I just disvovered spring-devtools to restart the application when a class file changes.
To trigger the restart i setup IntelliJ like this:
Whenever I change a .java file and hit Strg-S for save, the file gets compiled by IntelliJ and Spring Boot restarts within a few seconds. The .class file is compiled to the build/ directory and not the default out/ directory of IntelliJ. This is correct because of gradle. That's fine and it works as expected.
But it does not work with properties files. I have a message.properties file and a ReloadableResourceBundleMessageSource in my Spring Boot Application. I want this file to be reloaded, too.
Whenever I change the messages.properties file and save it, the file gets copied to out/ directory instead of the build/ directory. In the build/ directory it can't get picked up.
It is not picked up by devtools restart mechanism (which could/might be disabled for these files with spring.devtools.restart.exclude)
But it is not picked up by ReloadableResourceBundleMessageSource either as the classpath is -classpath [...]/build/classes/java/main:[...]/build/resources/main
How do I tell IntelliJ to respect the gradle build Directory for resource files?
We are using AspectJ compile-time-weaving
(ctw). But the IntelliJ auto-compile mechanism does not take into account our gradle aspectj configuration. So sometimes the compilation is just wrong. This happens if you have a @Transactional or @Async annotation. This is quite annoying.

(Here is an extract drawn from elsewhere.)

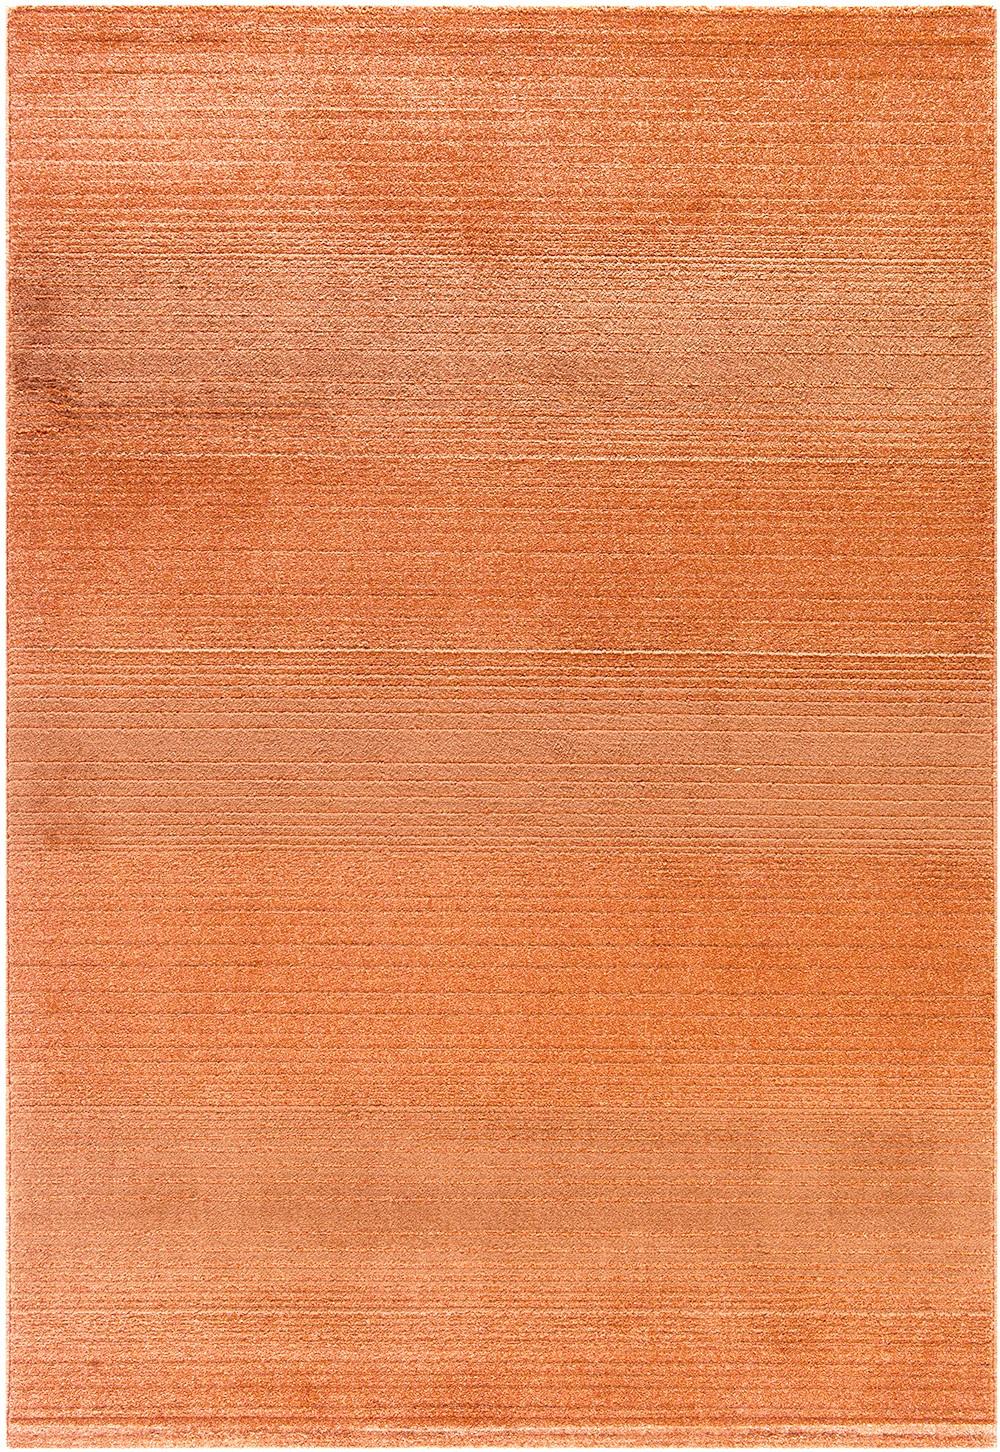 tapis design salon tapis salon orange tapis de salon moderne grand tapis de - Tapis Orange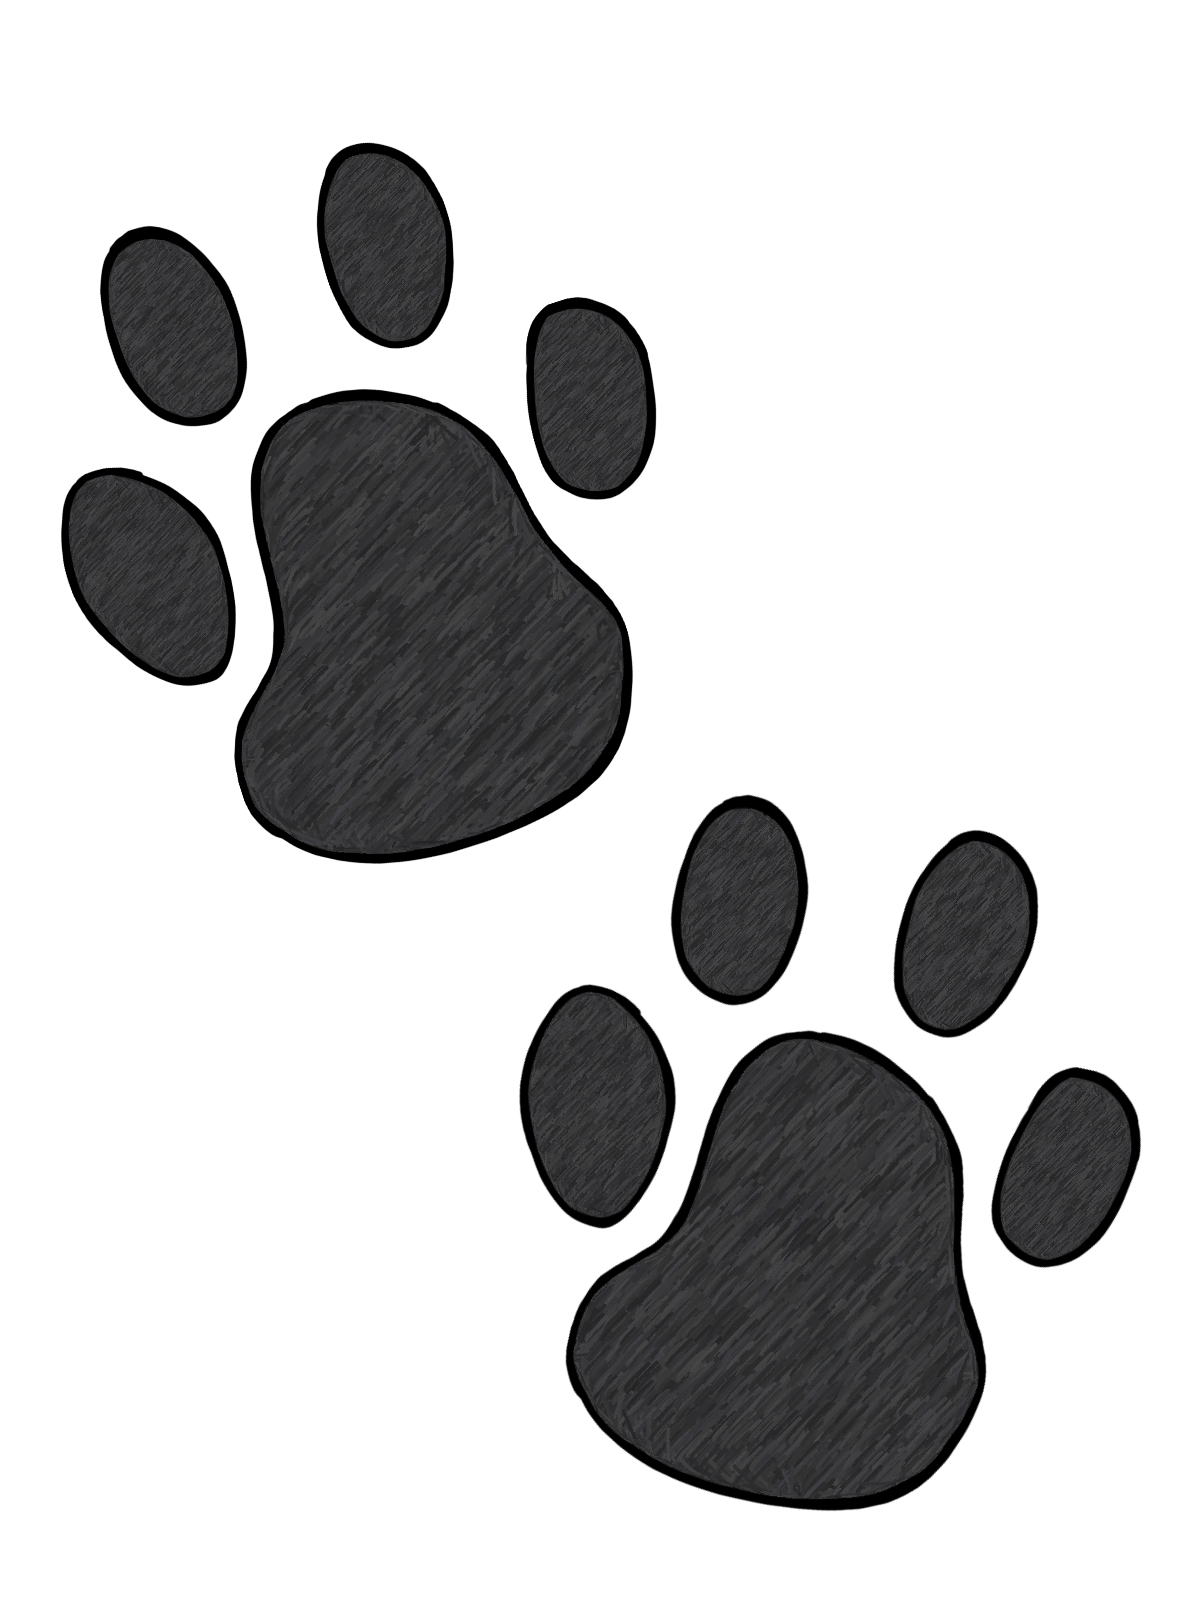 Free Paw Print Images Free, Download Free Clip Art, Free.

If the compilation takes some more time, the application restarts already and restarts again as it detects new changes afterwards. this could be solved with a trigger-file with devtools. But you can't configure IntelliJ to touch a trigger file after compiling.
How to solve these problems?
I found a good solution for this problem I would like to share:
We want to achieve proper compilation and fast reload times with devtools (without jrebel). Proper compilation includes aspectj compile time weaving (ctw) which is something that the internal IntelliJ compile does not handle.
So automatic compilation was not an option for us. What we are using instead is gradle continuous build
import java.time.Instant
tasks.register('compileTrigger') {
dependsOn tasks.compileJava
onlyIf {
!compileJava.state.upToDate
}
doLast {
def file = new File(projectDir, "build/classes/java/main/.reloadTrigger");
file.createNewFile();
file.setLastModified(Instant.now().toEpochMilli())
}
}
tasks.register('continuous-build') {
getProject()
.getRootProject()
.getSubprojects()
.findAll { (it.name != project.name) }
.forEach {
it.tasks.configureEach {
enabled = false
}
}
dependsOn tasks.processResources, tasks.compileTrigger, tasks.processTestResources, tasks.compileTestJava
}
We decided to use a trigger file because otherwise the application restarts to early if more work is done.
We decided to exclude all other modules as these have their own reload mechanisms (npm, vue, vite etc). your mileage may vary.
We only add a trigger file if compileJava
was running. All files from process-resources gets picked up by Spring boot automatically if configured properly.
Add to build.gradle
dependencies {
developmentOnly("org.springframework.boot:spring-boot-devtools")
}
Adding to application-development.properties:
spring.devtools.restart.trigger-file=.reloadTrigger
spring.devtools.restart.poll-interval=400ms
spring.devtools.restart.quiet-period=1ms
poll-interval
and quiet-period
are not needed but they save some time (1sec). It would be nice if devtools uses a file watcher and not a polling algorithm.
So we disable all automatic build (which is the default in IntelliJ anyway). But check this options as otherwise gradle and IntelliJ are building at the same time.
Edit your Spring Boot Run Configuration and go to "Modify options" and activate "Do not build before run". As building is done by continuous gradle, it is important to disable it here.
We are adding a Gradle "Run Configuration" in IntelliJ to easily start our continuous build.
<component name="ProjectRunConfigurationManager">
<configuration default="false" name="continous-build" type="GradleRunConfiguration" factoryName="Gradle">
<ExternalSystemSettings>
<option name="executionName" />
<option name="externalProjectPath" value="$PROJECT_DIR$" />
<option name="externalSystemIdString" value="GRADLE" />
<option name="scriptParameters" value="--continuous" />
<option name="taskDescriptions">
<list />
</option>
<option name="taskNames">
<list>
<option value="continuous-build" />
</list>
</option>
<option name="vmOptions" />
</ExternalSystemSettings>
<ExternalSystemDebugServerProcess>true</ExternalSystemDebugServerProcess>
<ExternalSystemReattachDebugProcess>true</ExternalSystemReattachDebugProcess>
<DebugAllEnabled>false</DebugAllEnabled>
<RunAsTest>false</RunAsTest>
<method v="2" />
</configuration>
</component>
Now we are able to start a continuous build in IntelliJ.
Add a Compound Run Configuration adding gradle and spring-boot run configuration, name it "build-and-run"
Open IntelliJ, start "build-and-run" and everything gets compiled and reloaded automatically.
We saved a lot of time with this setup.